Le passage où on culpabilise
Je me souviens de Keyo quand il était petit, c’était tellement différent d’aujourd’hui avec ma fille. Avec le recul, je prends conscience que j’ai fais beaucoup d’erreurs avec lui par méconnaissance de la construction de l’enfant et surtout de ces étapes si sensibles entre la naissance et 5 ans environ. On m’a toujours parlé de caprices et de manipulations mais ces termes m’ont toujours un peu gênée, sans que je sache vraiment pourquoi. Keyo est allé chez des assistantes maternelles très gentilles mais dures aussi finalement. J’en prends conscience maintenant que j’en sais un peu plus sur l’enfance.

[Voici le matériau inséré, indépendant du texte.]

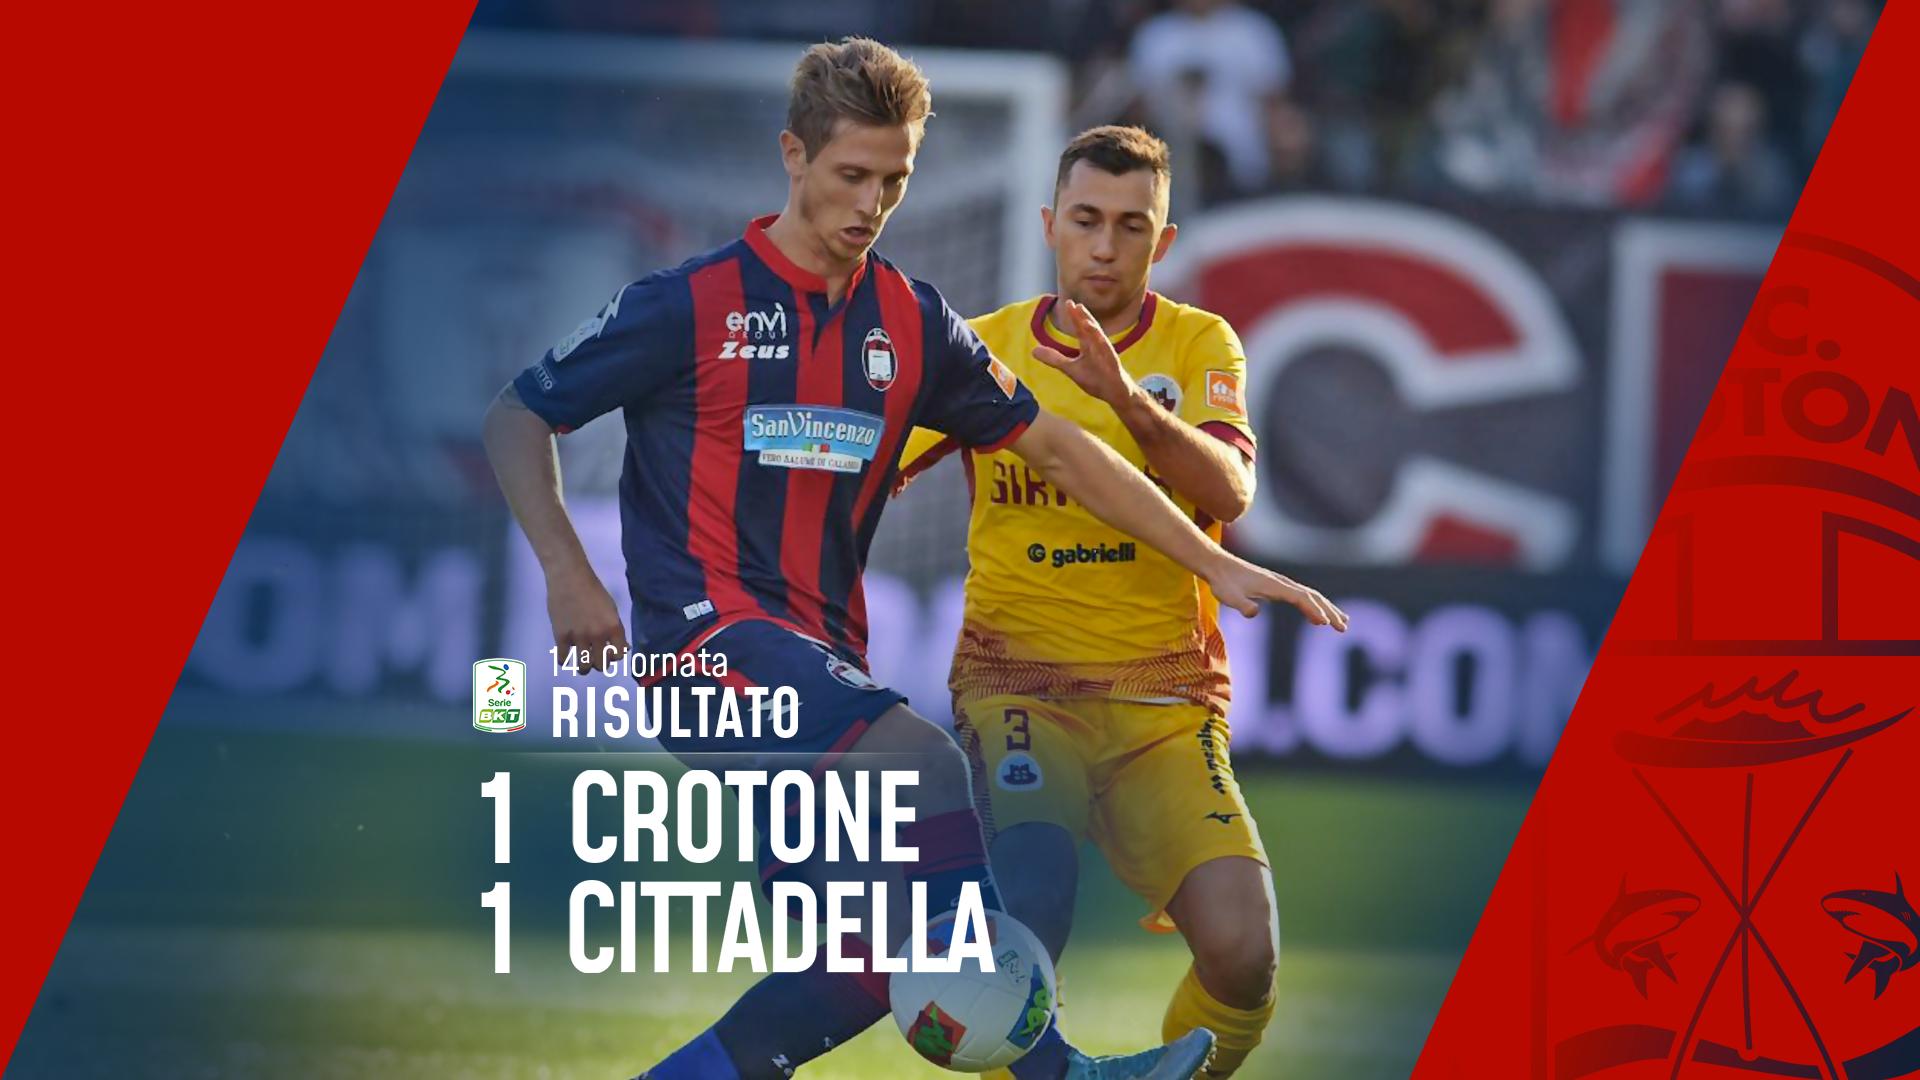 Serie BKT, 14ª giornata: Crotone-Cittadella 1-1

Aucune ne m’a jamais parlé de bienveillance, d’éducation positive, du cerveau de l’enfant… Keyo s’est pris quelques petites tapes sur les mains quand il n’obéissait pas, je me souviens que c’était une des nounous qui me disait de faire cela, et finalement tout le monde le faisait, c’était normal et ça l’est encore aujourd’hui même si j’ai l’impression que ça évolue un peu (ou alors c’est moi qui est évolué), personne ne remettait en cause ce comportement d’adulte. Il est allé au coin, il a été puni, il a même pris 2 ou 3 fessées, … Oui je me confesse sur cette violence ordinaire sur laquelle j’ai tellement culpabilisée et sur laquelle je culpabilise toujours parce-que je sais que lorsqu’on devient violent, on n’est plus vraiment soi-même. Si j’avais su ce que je sais sur l’enfant aujourd’hui, j’aurai sûrement géré les choses autrement.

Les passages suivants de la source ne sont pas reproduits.